Board of Directors The Board The Directors and management of CRH are committed to maintaining the highest standards of corporate governance and ethical business conduct.

The CRH Board is responsible for the leadership, oversight, control, development and long-term success of the Group. The Board is also responsible for instilling the appropriate culture, values and behaviour throughout the organisation. There is a formal schedule of matters reserved to the Board for consideration and decision. This includes Board appointments, approval of the Annual Report, the Interim Results and the annual budget, major acquisitions, significant capital expenditure and approval of the strategic plans for the Group.

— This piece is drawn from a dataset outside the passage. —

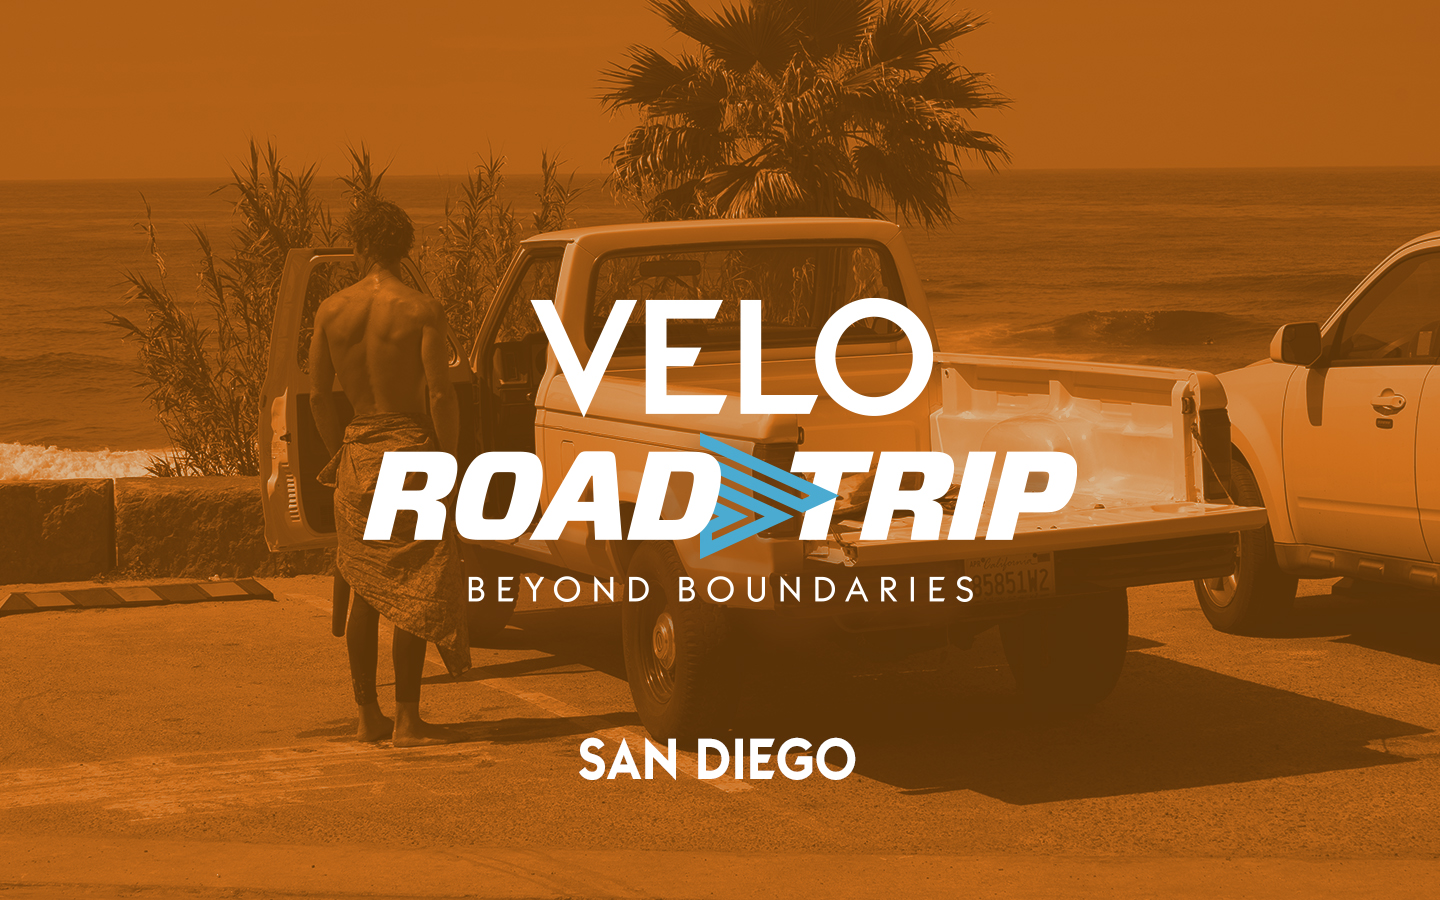 VELO Road Trip Beyond Boundaries - San Diego

There were eight full Board meetings during 2012. It has been CRH’s practice since the formation of the Group in the 1970s that the roles of Chairman and Chief Executive are not combined. A clear division of responsibilities is set out in the Corporate Governance Report of the Annual Report. The Board has delegated responsibility for the management of the Group, through the Chief Executive, to executive management.

Mr. Nicky Hartery, Chairman since May 2012, has been a member of the CRH Board since June 2004. On his appointment as Chairman, he met the independence criteria set out in the UK Corporate Governance Code.

It is also the practice that a majority of the Board comprises non-executive Directors. At present, there are four executive and eight non-executive Directors. The independence of non-executive Directors is considered annually and all non-executive Directors are considered by the Board to be independent. Nonexecutive Directors are expected to challenge management proposals constructively and to examine and review management performance in meeting agreed objectives and targets. In addition, they are expected to draw on their experience and knowledge in respect of any challenges facing the Group and in relation to the development of proposals on strategy. The non-executive Directors generally meet before or after each Board meeting without executives being present. Directors are appointed for specified terms and are subject to the Memorandum and Articles of Association of the company. The Directors are committed to ensuring that the Board is sufficiently diverse and appropriately balanced.

In terms of Board renewal, four criteria are taken into consideration: (i) international business experience; (ii) skills, knowledge and expertise in areas relevant to the operation of the Board; (iii) diversity, including nationality and gender; (iv) the need for an appropriately sized Board. Each, or a combination, of these factors can take priority. Consequently, to date the Board has not set specific objectives in relation to diversity. All Directors retire at each Annual General Meeting and submit themselves to shareholders for re-election. Directors who are seeking re-election are subject to a satisfactory performance appraisal.

Induction and Development New Directors are provided with extensive briefing materials and a tailored induction programme on the Group and its operations. The Chairman conducts a formal evaluation of individual Directors annually, which includes review of training needs where appropriate. Directors can also avail of opportunities to hear the views of and meet with the Group’s investors and analysts. Directors regularly receive copies of research and analysis conducted on CRH and the building materials sector. The Board receive regular updates from the external auditors in relation to regulatory and accounting developments. Updates in relation to other relevant matters, for example, changes in company law, are provided from time to time. Directors also meet with key executives and, in the course of twice-yearly visits by the Board to Group locations, see CRH businesses at first hand and meet with local management.

Company Secretary All Directors have access to the advice and services of the Company Secretary, who is responsible to the Board for ensuring that Board procedures are complied with.